= Home modifications =

Changes to the home to improve safety and independence

Home modifications are defined as environmental interventions aiming to support activity performance in the home. More specifically, home modifications often are changes made to the home environment to help people with functional disability or impairment to be more independent and safe in their own homes and reduce any risk of injury to themselves or their caregivers. Examples of home modifications include installing ramps and rails, altering kitchen and bathroom areas (relocating switches and lowering bench heights), installing emergency alarms.

There are a number of words in common use that are confused with home modifications. For example, home modification is more than home improvement, home renovation or remodelling; those three terms refer to changes made to housing for purposes other than disability.

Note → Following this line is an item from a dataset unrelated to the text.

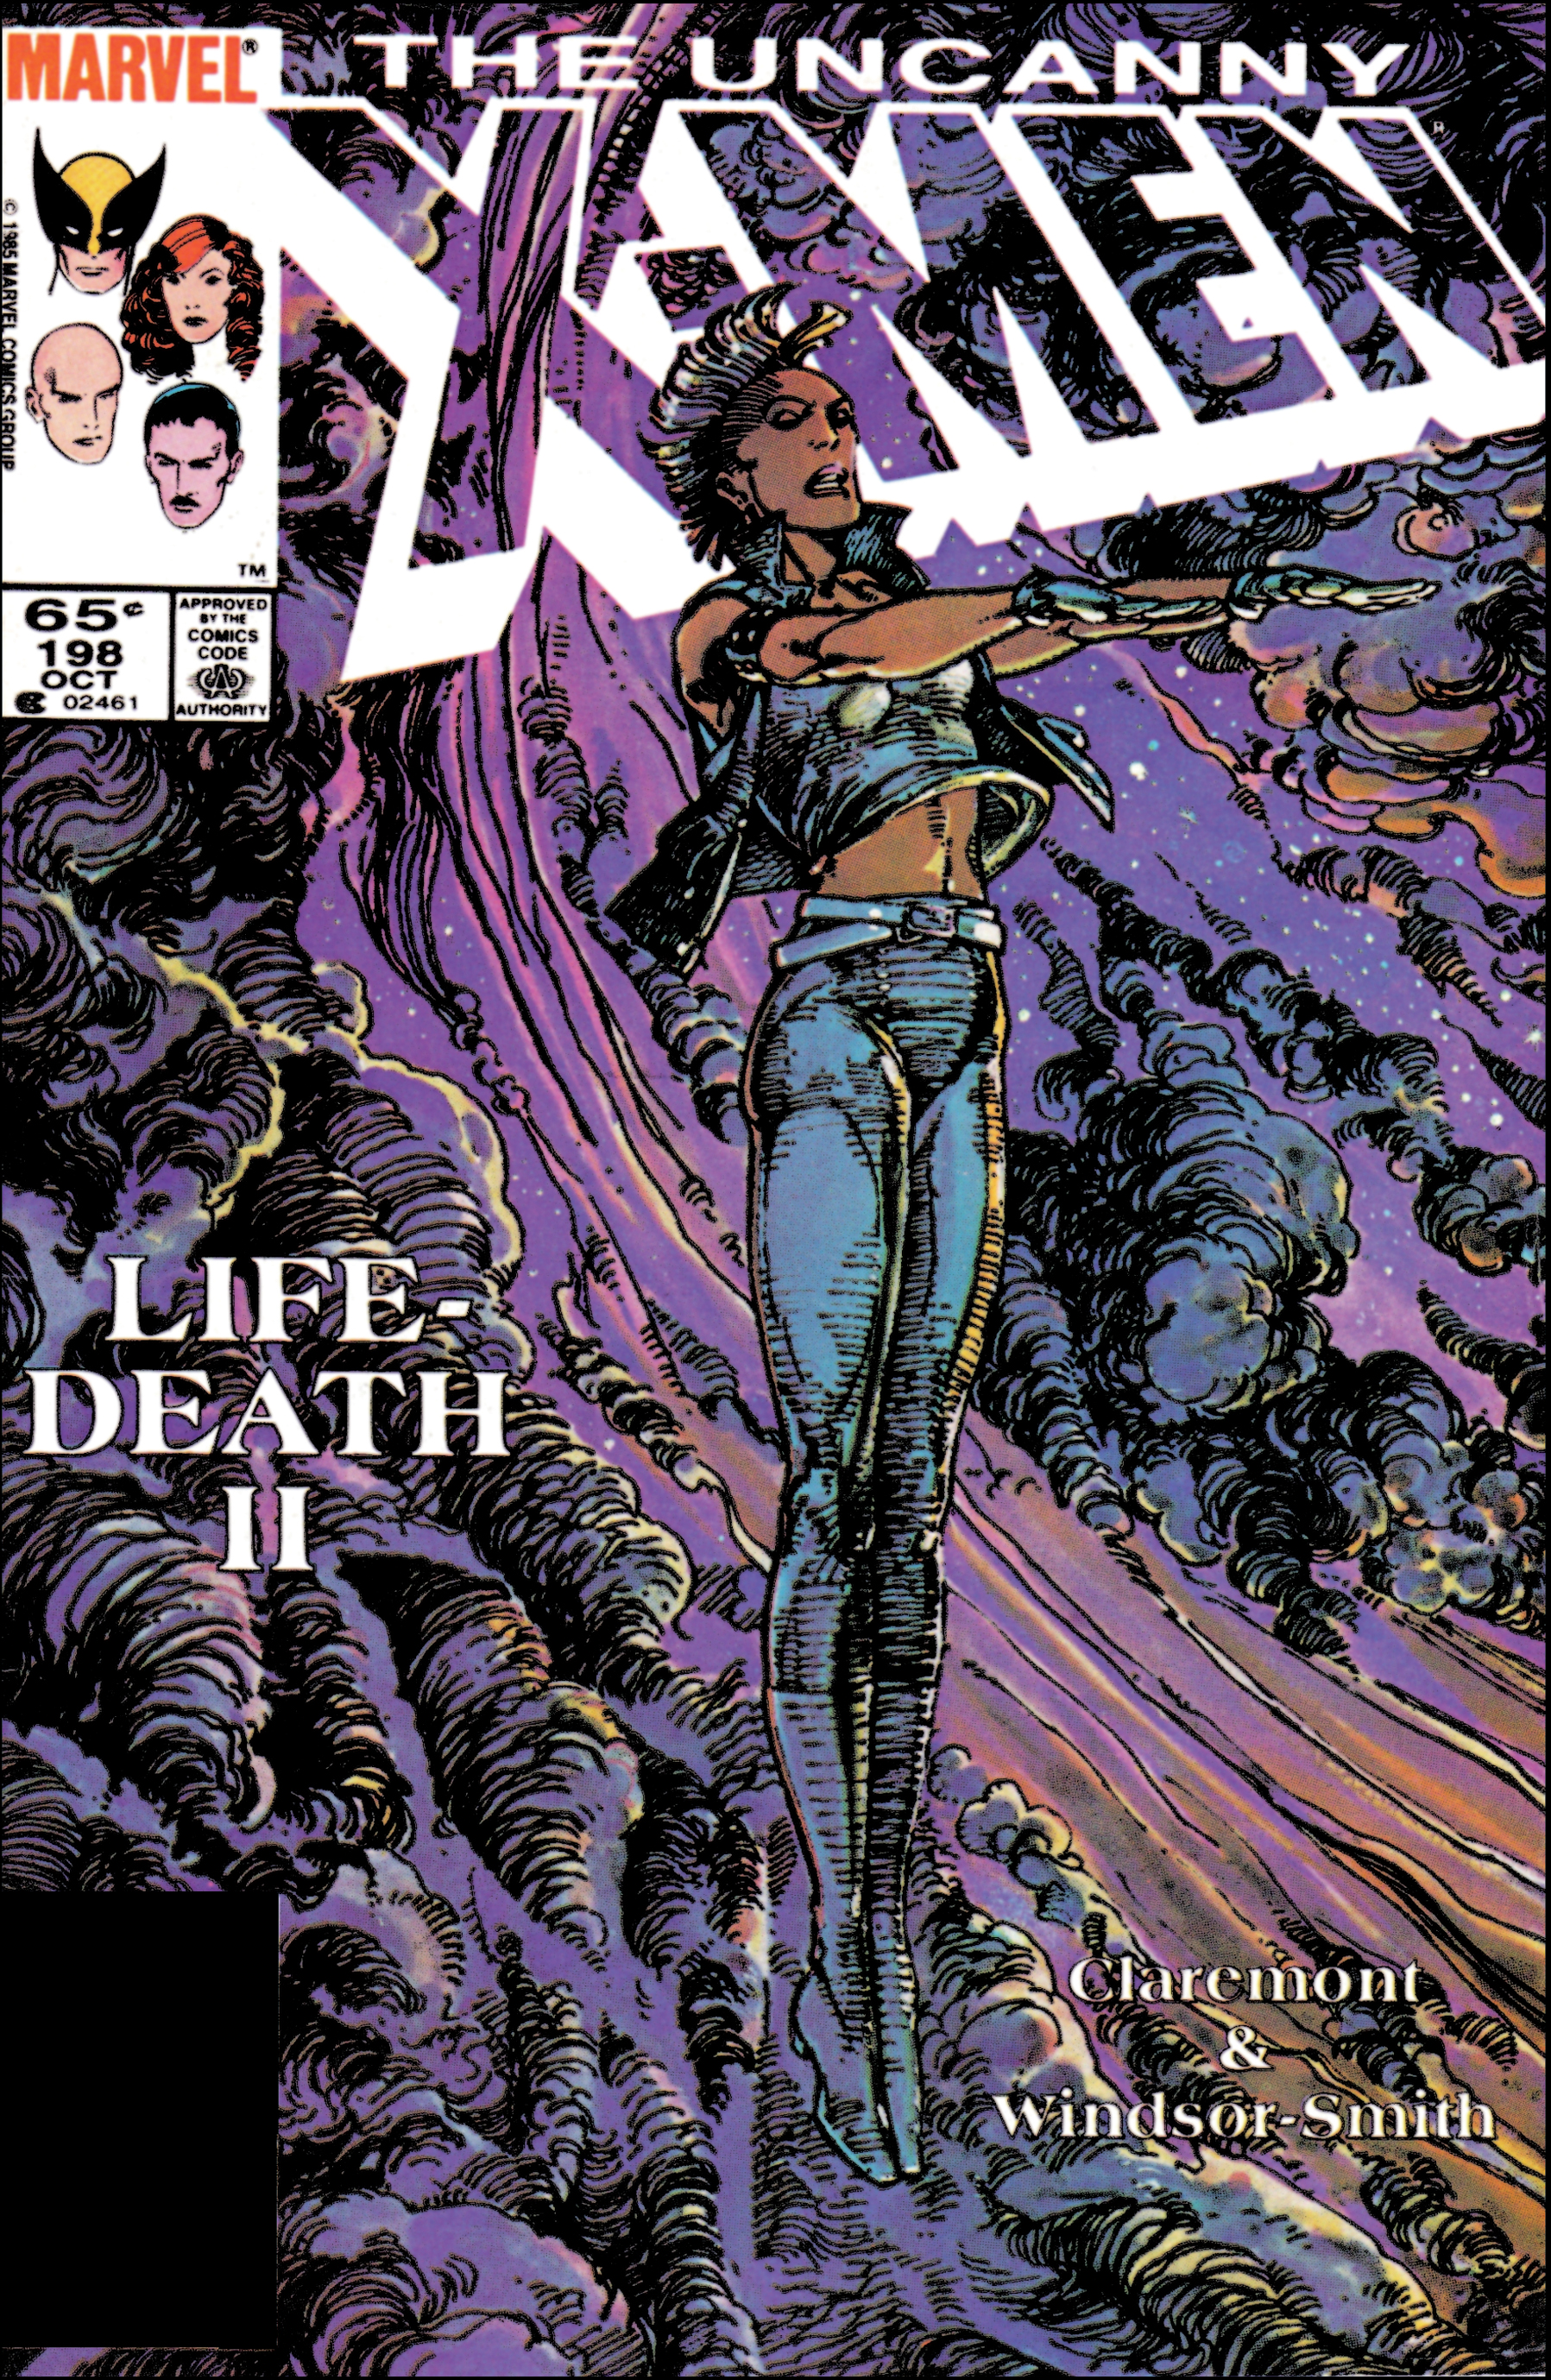 Uncanny X-Men (1963) #198
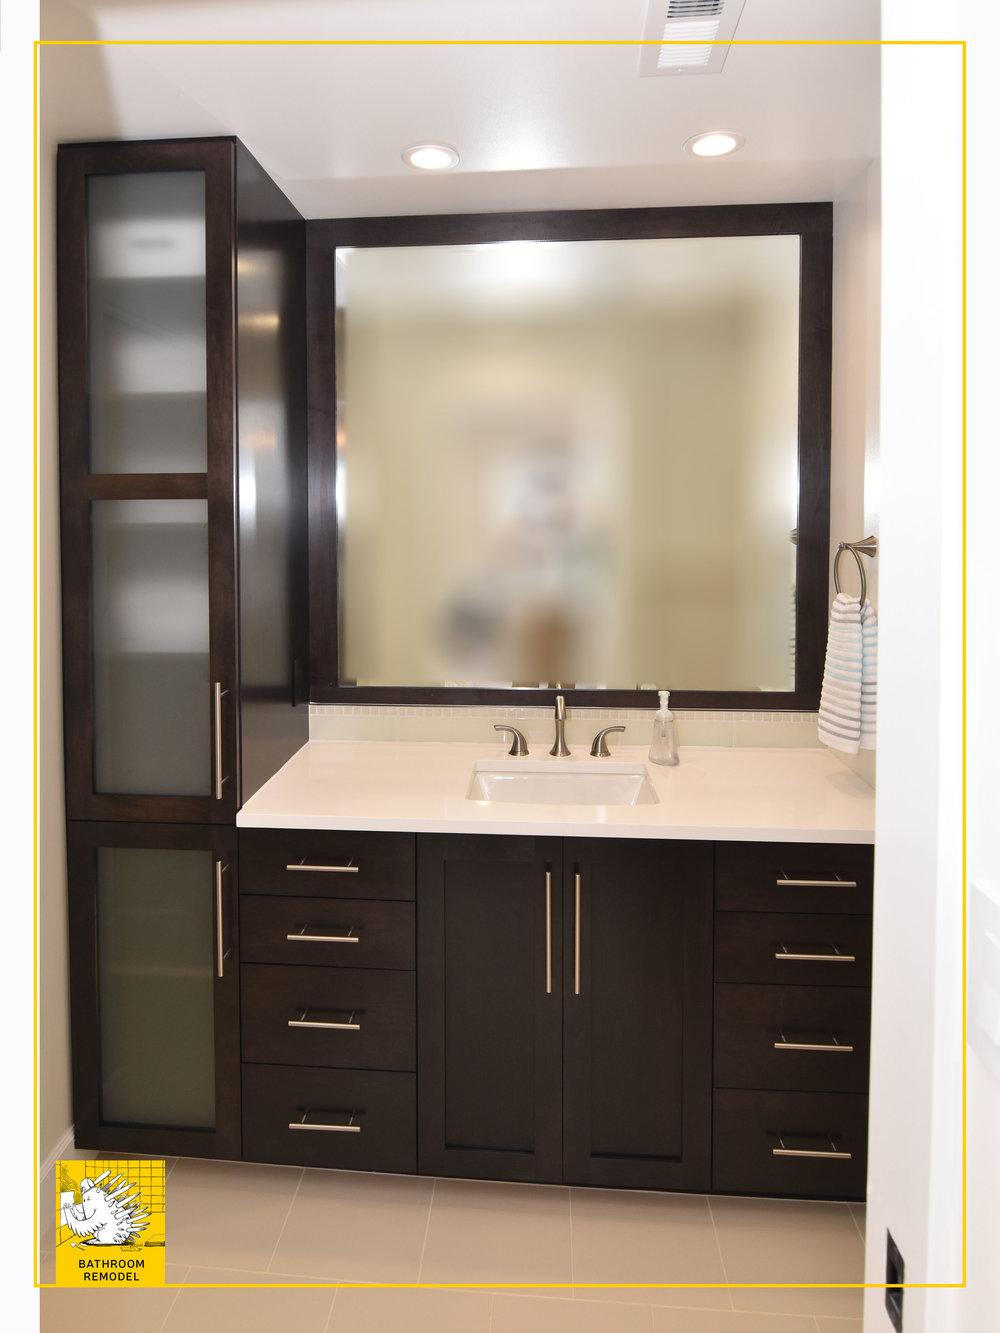 MT bathroom 6 after 6.jpg

Other more closely related terms that are interchanged with home modifications in literature include combinations of home/housing/environment/residential coupled with modification/adaptation/intervention. Each of these terms has a nuanced meaning analysed in further detail by Bridge (2006). However these terms have in common a context of housing, health and care for people with disability or impairment.
Home modifications directly impact the accessibility to and within a home and are considered one aspect of the complex relationship between housing and health.
Home modifications are also the subject of ongoing public health and economics research because of their potential to support aging in place and substitute for caregiving. In addition to aging in place and caregiving, there is some evidence that home modifications can reduce falls in the home.